To further investigate the role of Egr-1 and Sp1 in NGF-mediated PNMT promoter-driven gene expression, the effects of mutation of the -165-bp Egr-1 (pGL3RP893mutEgr-1), the -168-bp Sp1 (pGL3RP893mutSp1A), the -48-bp Sp1 (pGL3RP893mutSp1B), or both Sp1 sites (pGL3RP893mut-Sp1A/B) on NGF-elicited responses were assessed in transient transfection assays. As with the deletion mutants, luciferase activity was expressed relative to respective unstimulated controls to ensure correction for any differences in basal luciferase activity due to the mutations. Mutation of the -165-bp Egr-1 site attenuated NGF stimulation of the PNMT promoter 38% (Fig. 7A), whereas mutation of the upstream -168-bp Sp1 site decreased PNMT promoter activation 24%. However, when the proximal -48 bp Sp1 site or both Sp1 sites were mutated, NGF induction of the PNMT promoter was eliminated (Fig. 7B).
Fig. 7. Role of Egr-1 and Sp1 in NGF activation of the PNMT promoter. A, PC-12 cells were transfected with the wild-type construct pGL3RP893 or a construct containing a mutated -165 bp Egr-1 binding element, pGL3RP893mutEgr-1. After transfection, cells were treated with 50 ng/ml NGF for 24 h. Luciferase activity was determined and expressed relative to untreated control values set to unity. Data are presented as the mean ± S.E.M. (n = 6; significantly different from respective control: ***, p 0.001; significantly different within NGF treatment group: ++, p 0.01). Experiments were replicated at least three times. B, PC-12 cells were transfected with the wild-type construct pGL3RP893 or constructs containing mutations in the -168-bp (pGL3RP893mutSp1A), -48-bp (pGL3RP893mutSp1B), or both (pGL3RP893mutSp1A/B) Sp1 binding sites and treated with 50 ng/ml NGF for 24 h. Luciferase activity was determined and expressed relative to untreated control values set to unity. Data are expressed as the mean ± S.E.M. (n = 6; significantly different from respective control: *, p 0.05; ***, p 0.001; significantly different from pGL3RP893mutSp1A: a, p 0.001; significantly different from pGL3RP893mutSp1B: b, p 0.001.
Cooperative Induction of PNMT Promoter-Driven Gene Expression by NGF and PACAP. Recent findings suggest that NGF and PACAP can act additively or cooperatively to regulate cellular processes, including gene expression (Hashimoto et al., 2000; Sakai et al., 2001; Grumolato et al., 2003; Yuhara et al., 2003). Because PACAP, like NGF, also activates PNMT promoter-driven gene transcription (Wong et al., 2002), the combined effect of NGF and PACAP on PNMT promoter activity was examined in PC-12 cells transfected with the pGL3RP893 construct (Fig. 8A). Although NGF (50 ng/ml) and PACAP (10 nM) independently stimulated luciferase activity 6.5- and 5.0-fold, respectively, in the transfected PC-12 cells after 24 h of drug exposure, simultaneous treatment with these neurotrophins increased luciferase activity 16.0-fold. Thus, NGF and PACAP apparently interact synergistically to stimulate PNMT promoter-driven gene expression beyond the independent activation by either alone.

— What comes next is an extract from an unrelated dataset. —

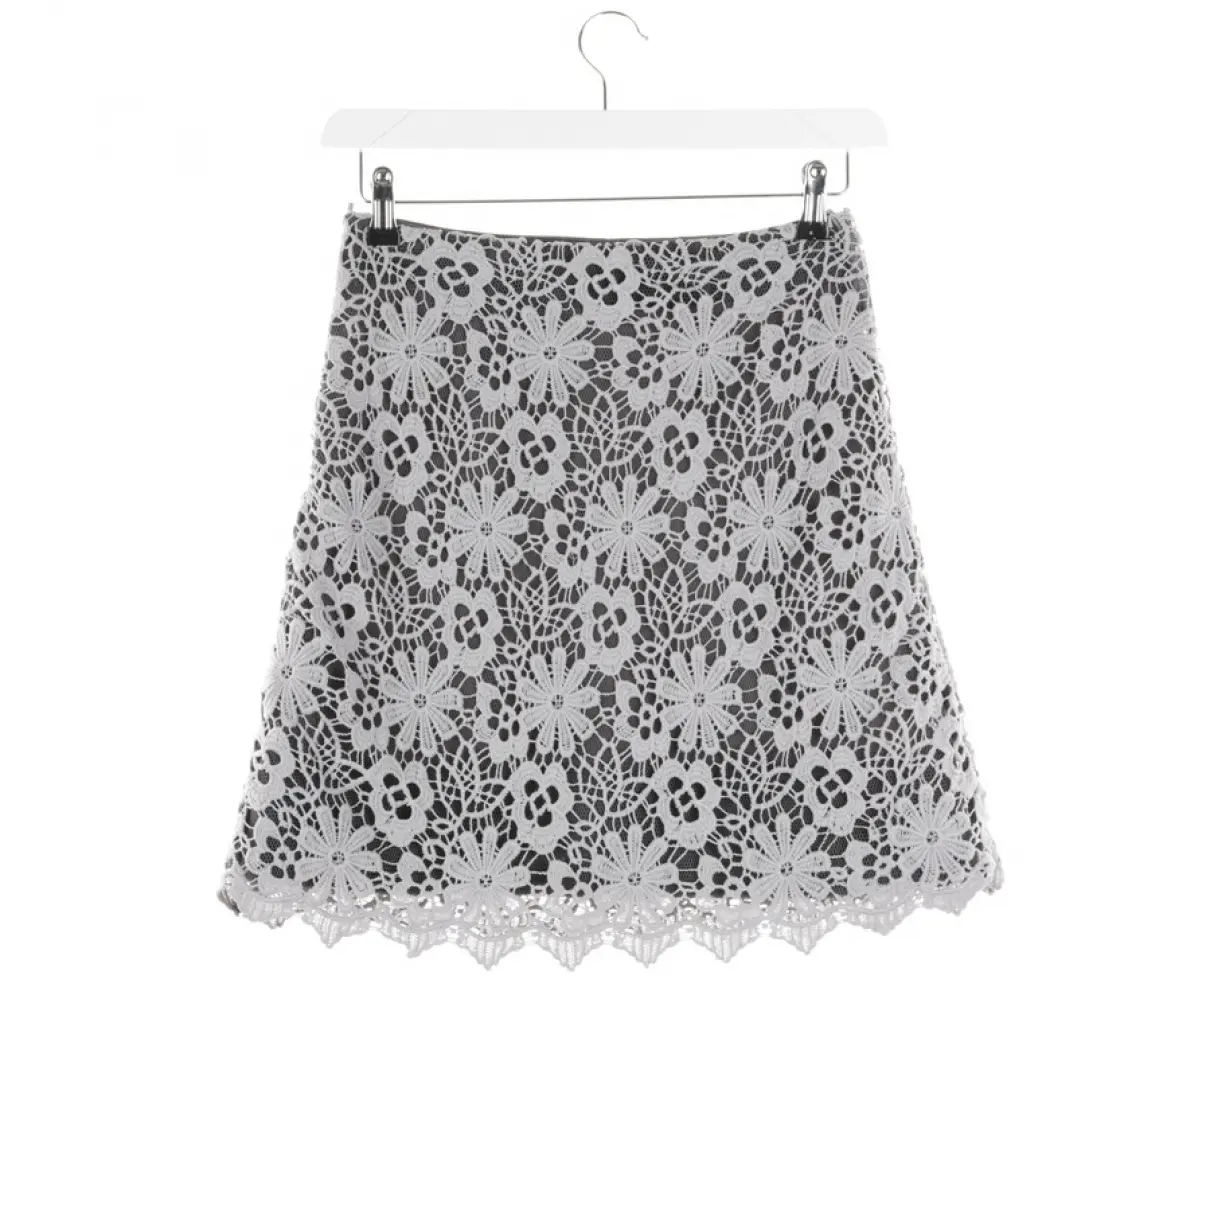 Buy Dorothee Schumacher Skirt online

Fig. 8. Synergistic activation of the PNMT promoter by NGF and PACAP. A, PC-12 cells transfected with pGL3RP893 were treated with 50 ng/ml NGF and/or 10 nM PACAP for 24 h, and luciferase activity was determined and expressed relative to untreated control values set to unity. Data are presented as the mean ± S.E.M. (n = 6; significantly different from control: ***, p 0.001; significantly different from NGF treatment group: a, p 0.001; significantly different from PACAP treatment group: b, p 0.001. B, PC-12 cell transfected with pGL3RP893 were pretreated with 30 µM H89, followed by treatment with NGF and/or PACAP as described above, and luciferase activity was determined and expressed relative to untreated control values set to unity. Data are presented as the mean ± S.E.M. (n = 6; significantly different from control: ***, p 0.001; significantly different from PACAP or NGF/PACAP treatment group without H-89 pretreatment: ++, p 0.001.

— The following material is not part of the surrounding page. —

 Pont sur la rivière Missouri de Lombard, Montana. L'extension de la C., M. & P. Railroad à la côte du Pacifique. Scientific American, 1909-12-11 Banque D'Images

As shown in Fig. 2, the adenylate cyclase activator forskolin incrementally elevated PNMT promoter-driven luciferase reporter gene expression in PC-12 cells above the rise induced by NGF alone. One of the major signal transducers associated with PACAP-mediated gene activation is cAMP via both PKA-dependent and -independent pathways (Vaudry et al., 2002). To further examine the role of adenylate cyclase and cAMP in the synergistic activation of PNMT promoter-driven gene expression, pGL3RP893-transfected PC-12 cells were pretreated with 30 µM H89 for 1 h, followed by treatment with 50 ng/ml NGF and 10 nM PACAP or the combination for 24 h (Fig. 8B). H89 did not inhibit NGF-mediated PNMT promoter stimulation as shown earlier and only partially attenuated PNMT promoter induction by PACAP (p 0.01) or the combination of NGF and PACAP (p 0.01). These results suggest that synergistic effects of NGF and PACAP on the PNMT promoter are evoked through cAMP/PKA-dependent as well as cAMP/PKA-independent signaling mechanisms.

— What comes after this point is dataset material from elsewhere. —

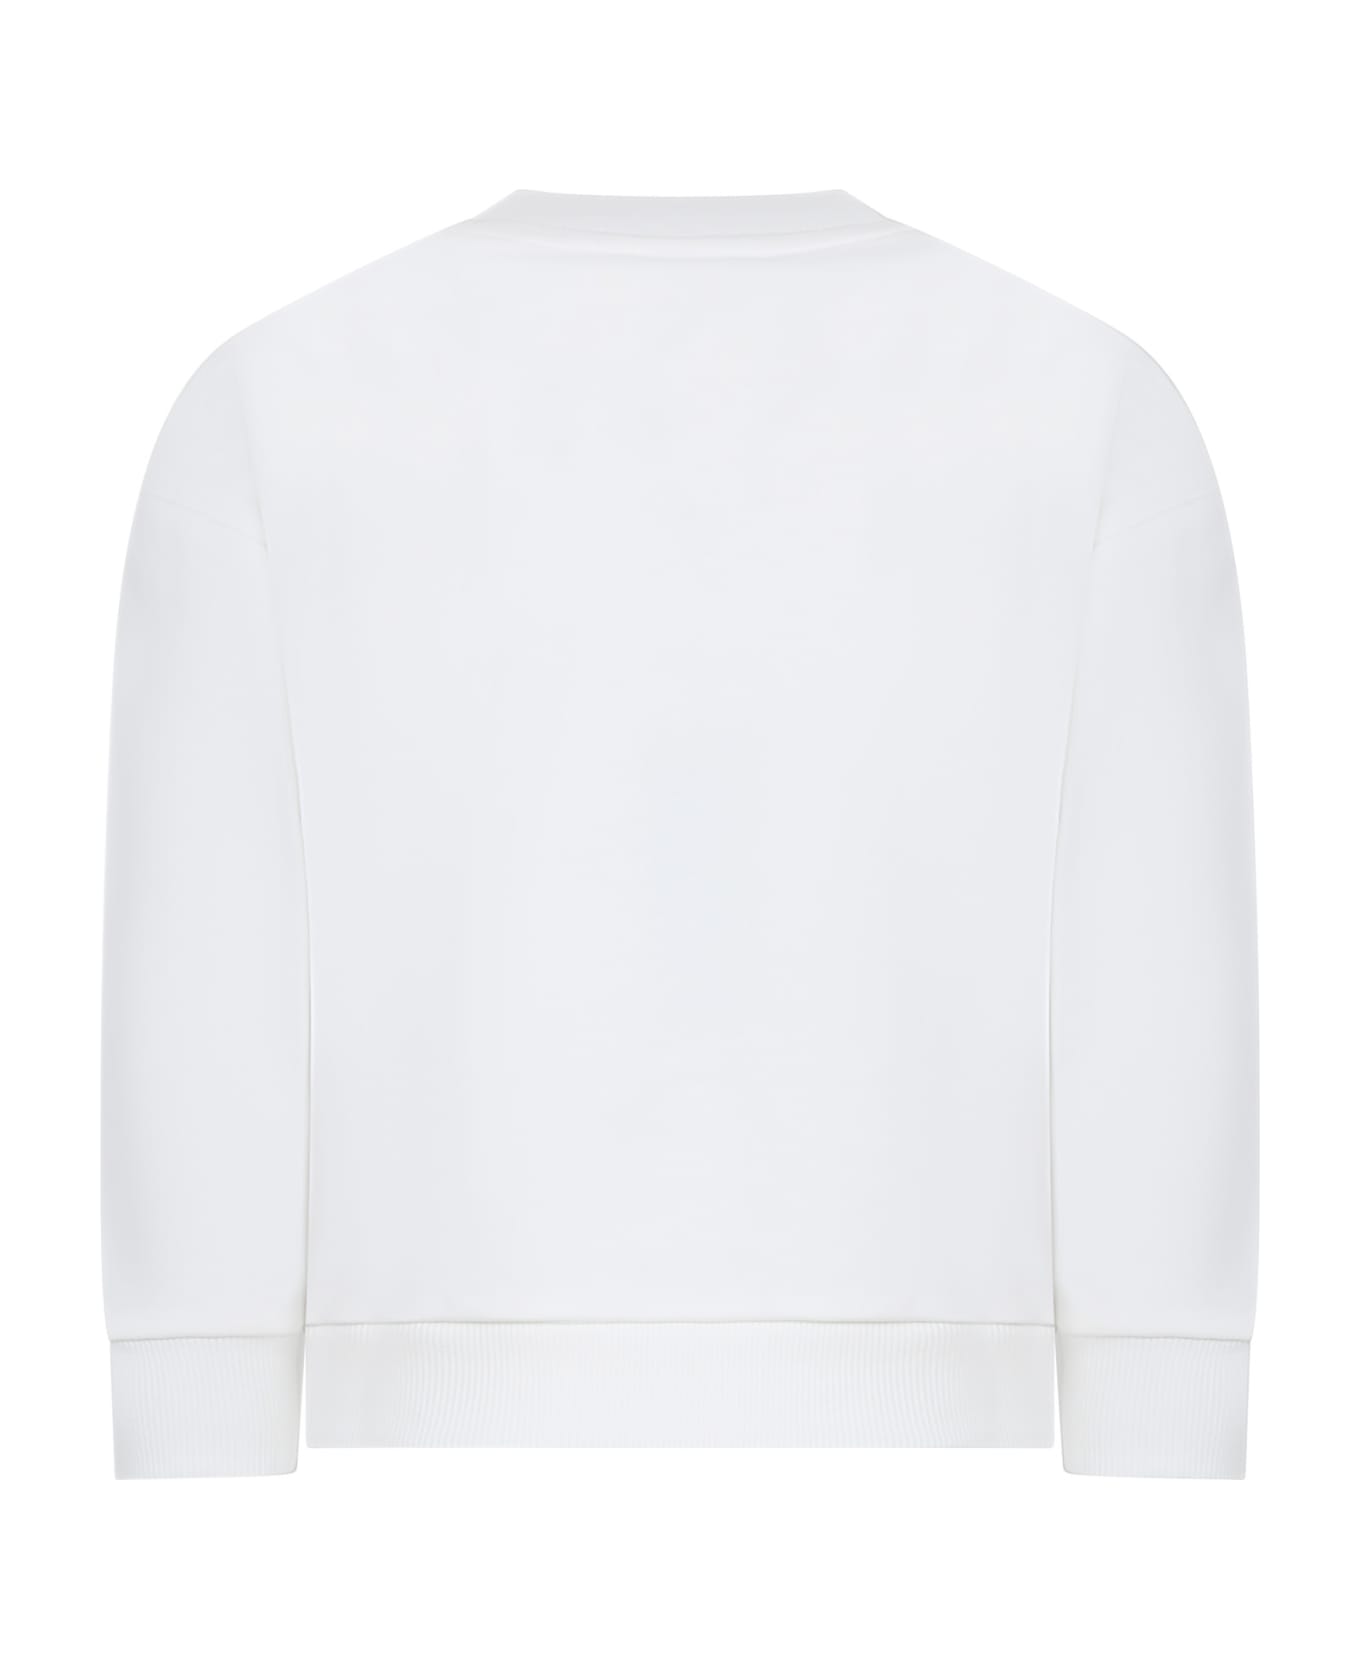 Kenzo Kids Ivory Sweatshirt For Boy With Logo - Bianco

Effect of NGF and PACAP on Endogenous PNMT mRNA and Protein Expression. To demonstrate that NGF and PACAP are important and effective regulators of the endogenous PNMT gene as well, PNMT mRNA was quantified in total RNA isolated from PC-12 cells treated with NGF, PACAP, or the combination of NGF and PACAP for 24 h using radioactive RT-PCR (Fig. 9). As reported previously (Unsworth et al., 1999), PC-12 cells express very low levels of the two forms of PNMT mRNA, intron-retaining and intronless (fully processed message). NGF treatment increased the expression of both forms, with fully processed PNMT mRNA being the predominant species. PACAP treatment increased both forms of PNMT mRNA as well, but to an equivalent extent. When cells were treated with NGF and PACAP together, two forms of PNMT mRNA were again detectable, but PACAP seemed to limit PNMT mRNA induction. Intronless message levels were equal to those observed with PACAP alone, whereas intron-retaining PNMT mRNA was lower.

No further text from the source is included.